Common winning patterns:

- replace generic maps/sets with project-specific containers such as `IdentifierMap`, `IdentifierSet`, `UkeyMap`, `UkeySet`
- split composite keys like `(Identifier, bool)` when one dimension is tiny
- add `with_capacity` / `reserve` in hot temporary collections
- remove per-item cross-thread sends in hot loops; prefer parallel `collect` plus sequential apply
- avoid materializing `String` when an `Atom`, `Identifier`, or borrowed string is enough
- reduce repeated graph lookups by caching within the local loop, not by adding a large global cache first

### 7) Validate before deciding

Minimum validation for Rust-side perf changes:

```sh
cargo fmt --all --check
cargo check -p <crate>
pnpm run build:binding:profiling
```

Run targeted tests if the touched area already has coverage. Run broader checks only when they are relevant and not blocked by known unrelated failures.

### 8) Keep or revert based on end-to-end results

Keep a change only if at least one of these is true:

- local `cases/all` compile time improves
- a previously top-level hot symbol clearly disappears and wall time does not regress

Revert experiments that only reshuffle percentages without improving compile time.

### 9) Commit, push, and trigger benchmark immediately

After every kept change:

```sh
git commit -am "refactor(<scope>): <perf change>"
git push
gh workflow run 'Ecosystem Benchmark' -f pr=<pr-number>
gh run list --workflow 'Ecosystem Benchmark' --limit 5
```

The benchmark workflow input is defined in [`.github/workflows/ecosystem-benchmark.yml`](../../../.github/workflows/ecosystem-benchmark.yml). Use `pr=<pr-number>`; a run on `main` does not benchmark the PR branch.

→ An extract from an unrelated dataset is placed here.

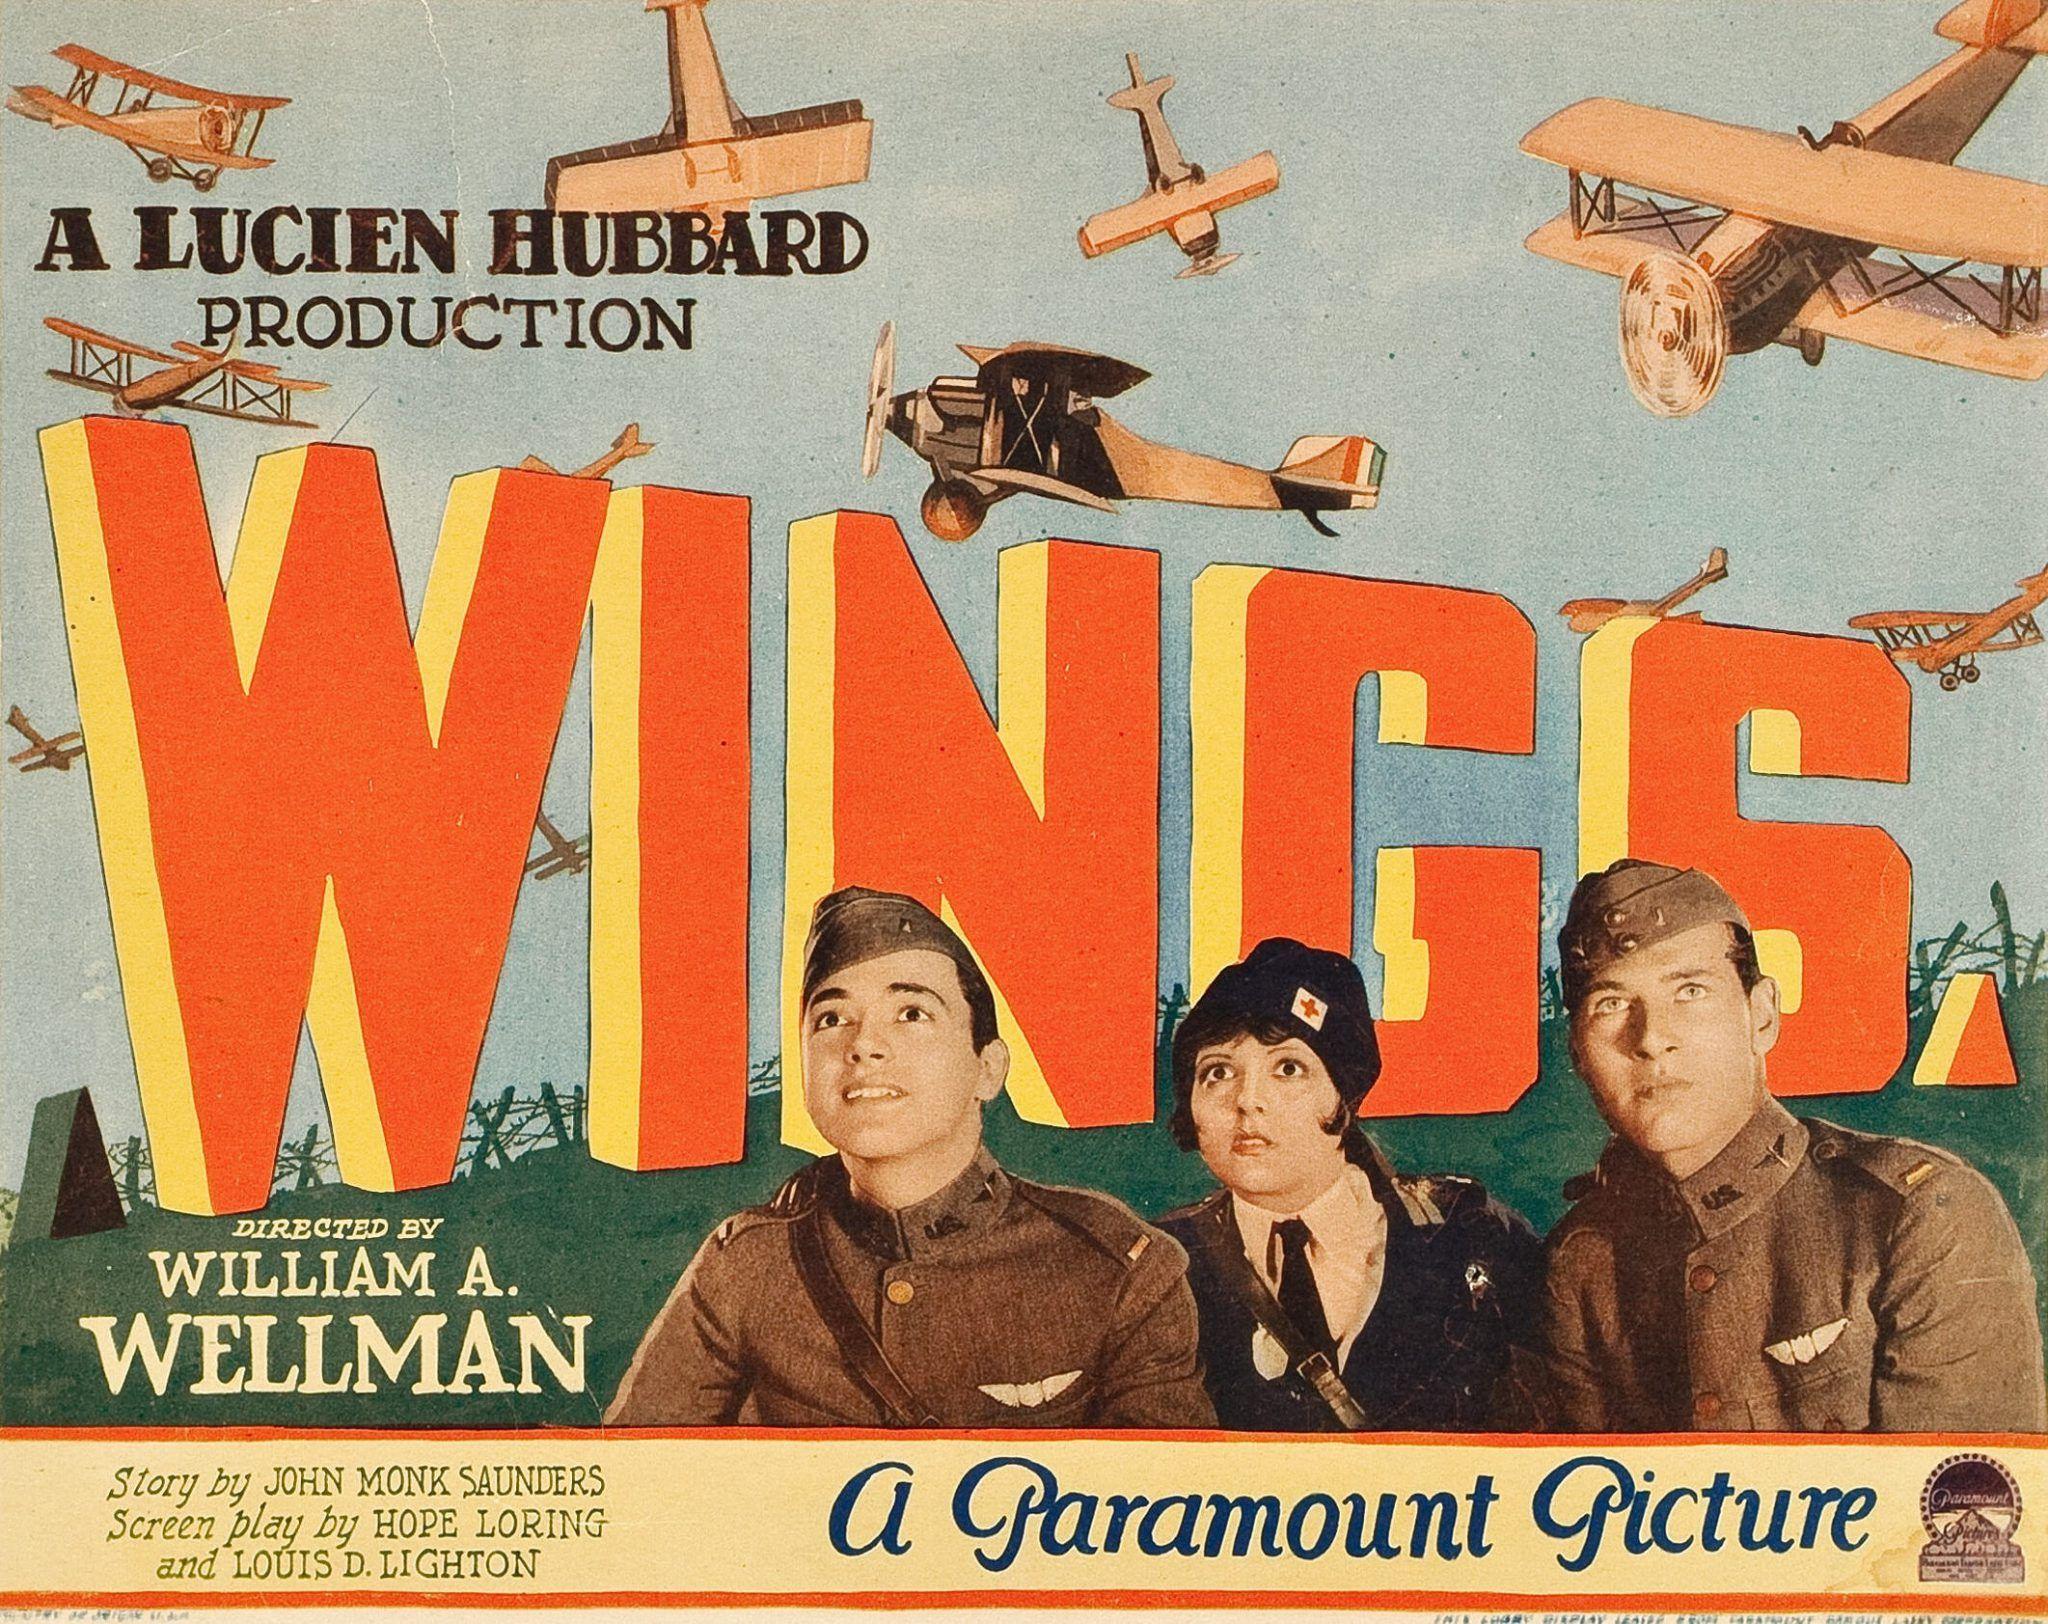 Travelling película Wings (Alas) de William A. Wellman, 1927
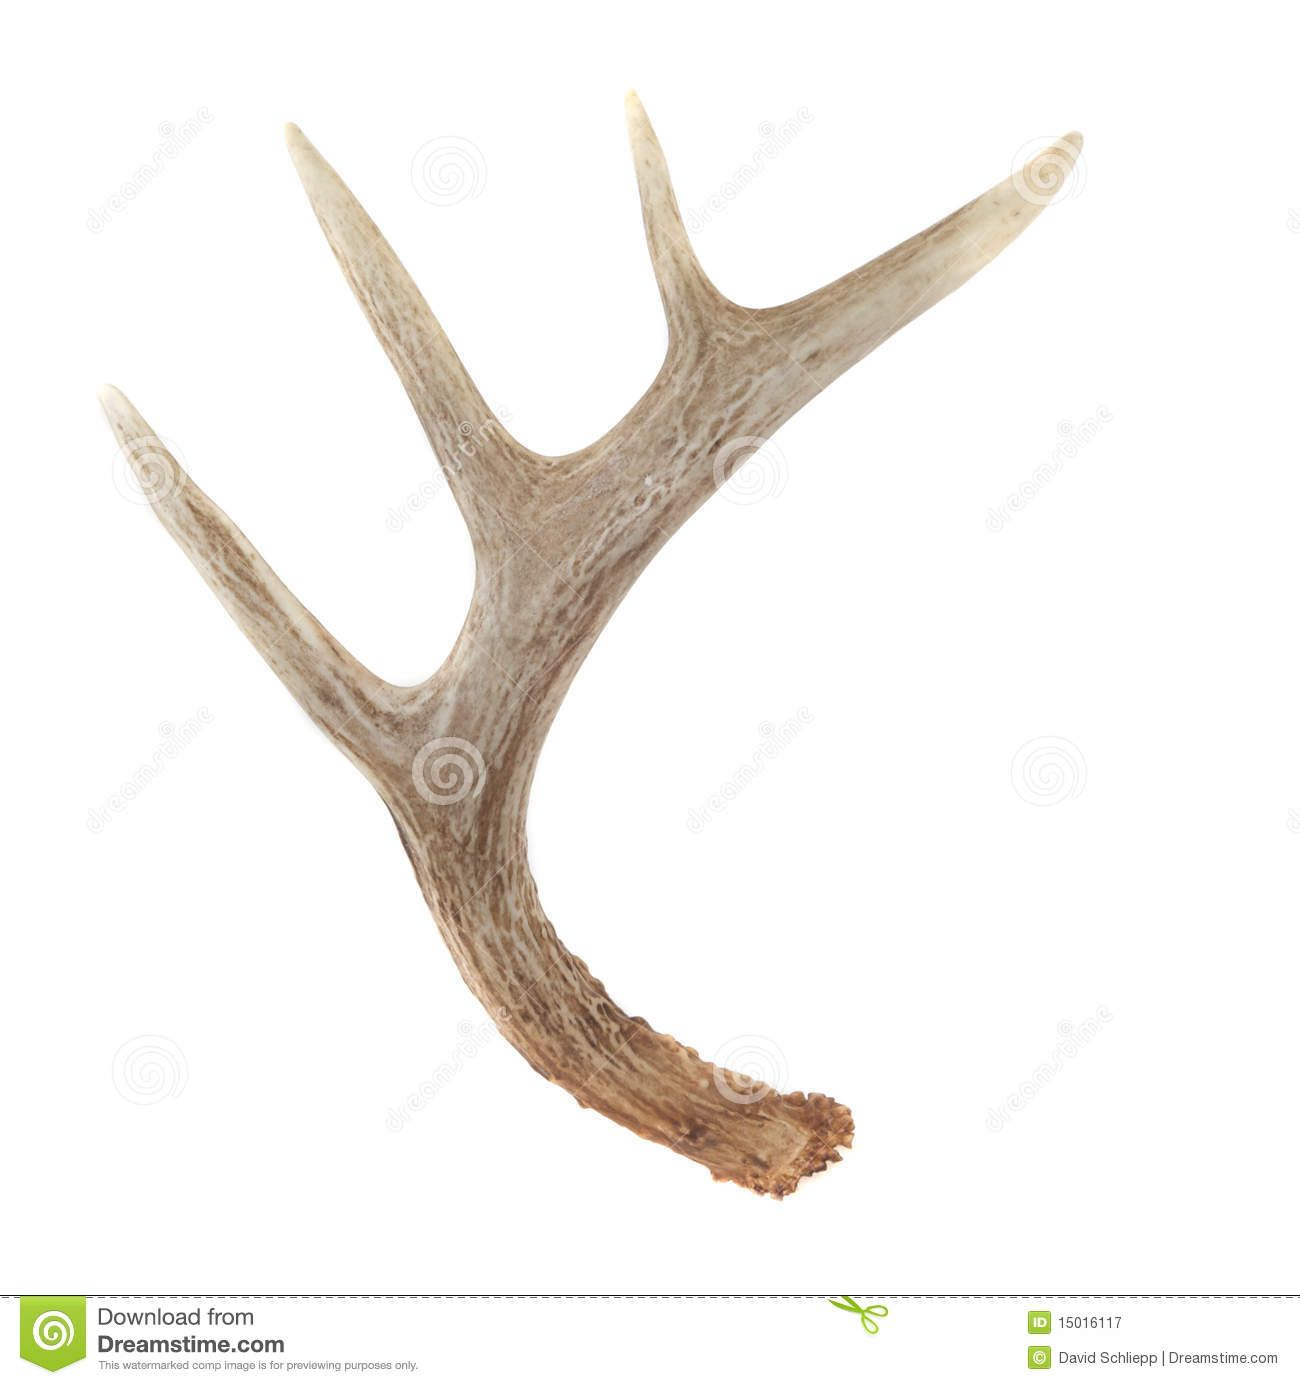 1300x1385 Pix Gt Whitetail Deer Antlers Drawing Inspiration

If `git push` is unavailable because of local network or DNS issues, use `gh`/GitHub API as a fallback to update the PR branch, then trigger the workflow. In that fallback mode, local `git status` may stay dirty because local `HEAD` does not know about the remote-only commit.

### 10) Rebase and keep history clean

Before opening a new PR or after long-running iteration:

```sh
git fetch origin
git rebase origin/main
```

If the branch was updated through the GitHub API instead of local git, sync the local branch before assuming `git status` represents unpushed work.

## Reporting

When reporting progress, include:

- kept commit SHA
- PR URL
- latest local benchmark numbers
- `perf.data` path for the kept profile
- workflow run URL after each pushed commit
- the specific hot symbols that went down or disappeared

## Common traps

- A lower `perf` percentage is not enough; keep changes only when compile time improves or stays flat with a clearly better hotspot profile.
- `gh run list` may show an in-progress `Ecosystem Benchmark` on `main`; that does not replace a `workflow_dispatch` run for the PR.
- If `git status` shows a modified tracked file after a fallback remote update, compare the local file blob hash with the remote contents API before assuming something is uncommitted.
- Do not churn the user's main worktree with benchmark artifacts. Keep `perf.data`, scratch logs, and benchmark-only files under `/tmp` or the temp worktree.